Still active measures

National Review, July 8, 1991

ACTIVE MEASURES" is the translation of a sly Russian phrase for one of the KGB's traditional activities against the West-hardball political warfare via front groups, disinformation, and other forms of covert and overt manipulation of Western political opinion. One of the innovations of the Reagan era was a U.S. decision to blow the whistle on these activities. Bipartisan concern gave rise to a law requiring the State Department to issue regular reports on the subject.
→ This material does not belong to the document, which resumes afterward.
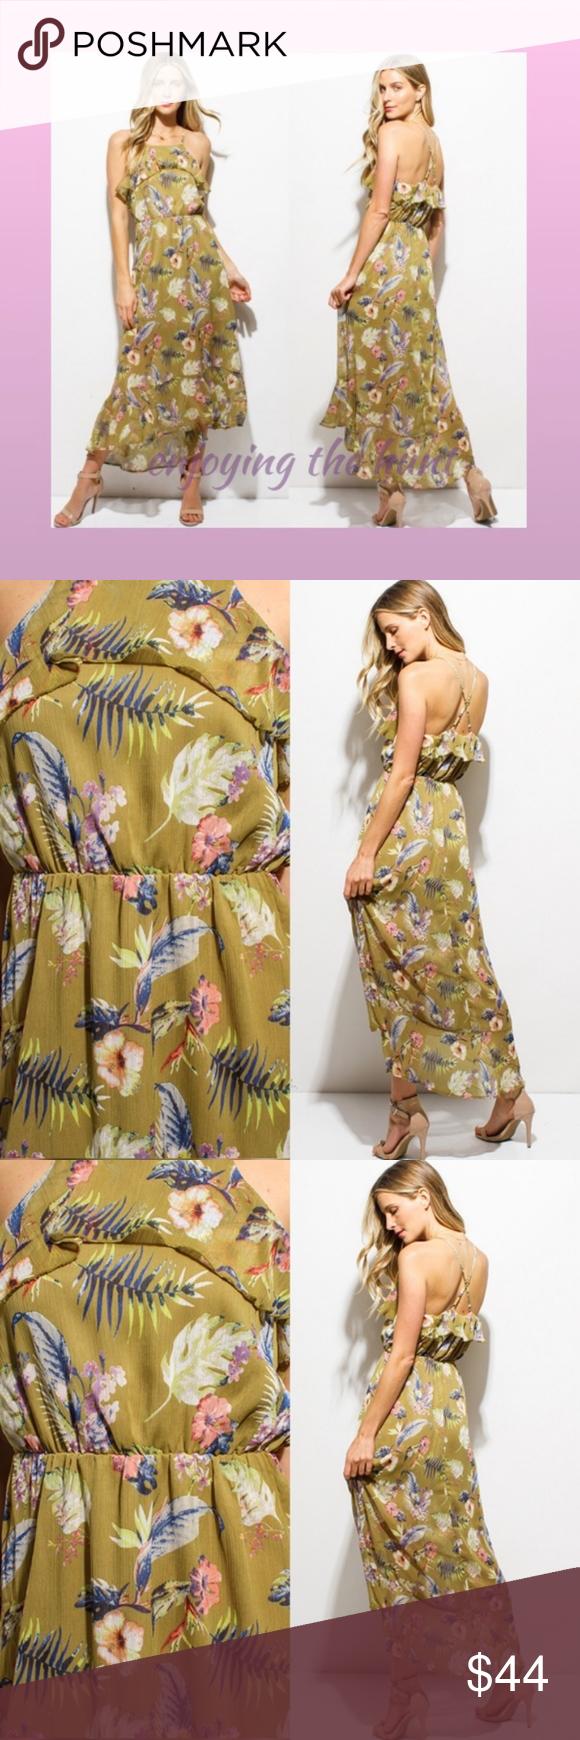 Floral ruffled maxi dress homecoming boutique my posh closet

What is striking is how much of this political warfare is still going on against us, even in the Gorbachev era-and even as Gorbachev turns desperately to the West for economic aid. Some of the more egregious disinformation is subsiding-like the instigated rumors that the U.S. was testing biological weapons that worked only on blacks, or that we had developed AIDS as a weapon, or other gems-but it subsided only after the U. S. pressed the matter hard at high levels of the Soviet government. Communist front organizations like the World Peace Council, the World Federation of Trade Unions, and the International Youth Organization went through a period of disarray after the Revolution of 1989, but they seem to be back in business again, and well funded. Soviet Communist Party figures who were always closely involved with such activities remain in high positions, such as Gennady Yanayev, now vice president of the USSR, and Valentin Falin, now head of the International Department of the Party Central Committee Secretariat. Falin's star has been rising since the departure of Eduard Shevardnadze from the Foreign Ministry; he was the third-ranking member of Gorbachev's delegation in Japan and accompanied Yanayev to Rajiv Gandhi's funeral.

This subject ought to be on our agenda with the Soviets whenever they talk of economic aid (as ought their defense buildup, aid to Third World thugs, and industrial espionage). Needless to say, the free world has no interest in subsidizing such warfare against it, and a Soviet leadership that truly wanted to demonstrate its conversion into a constructive member of the international community would put a stop to it.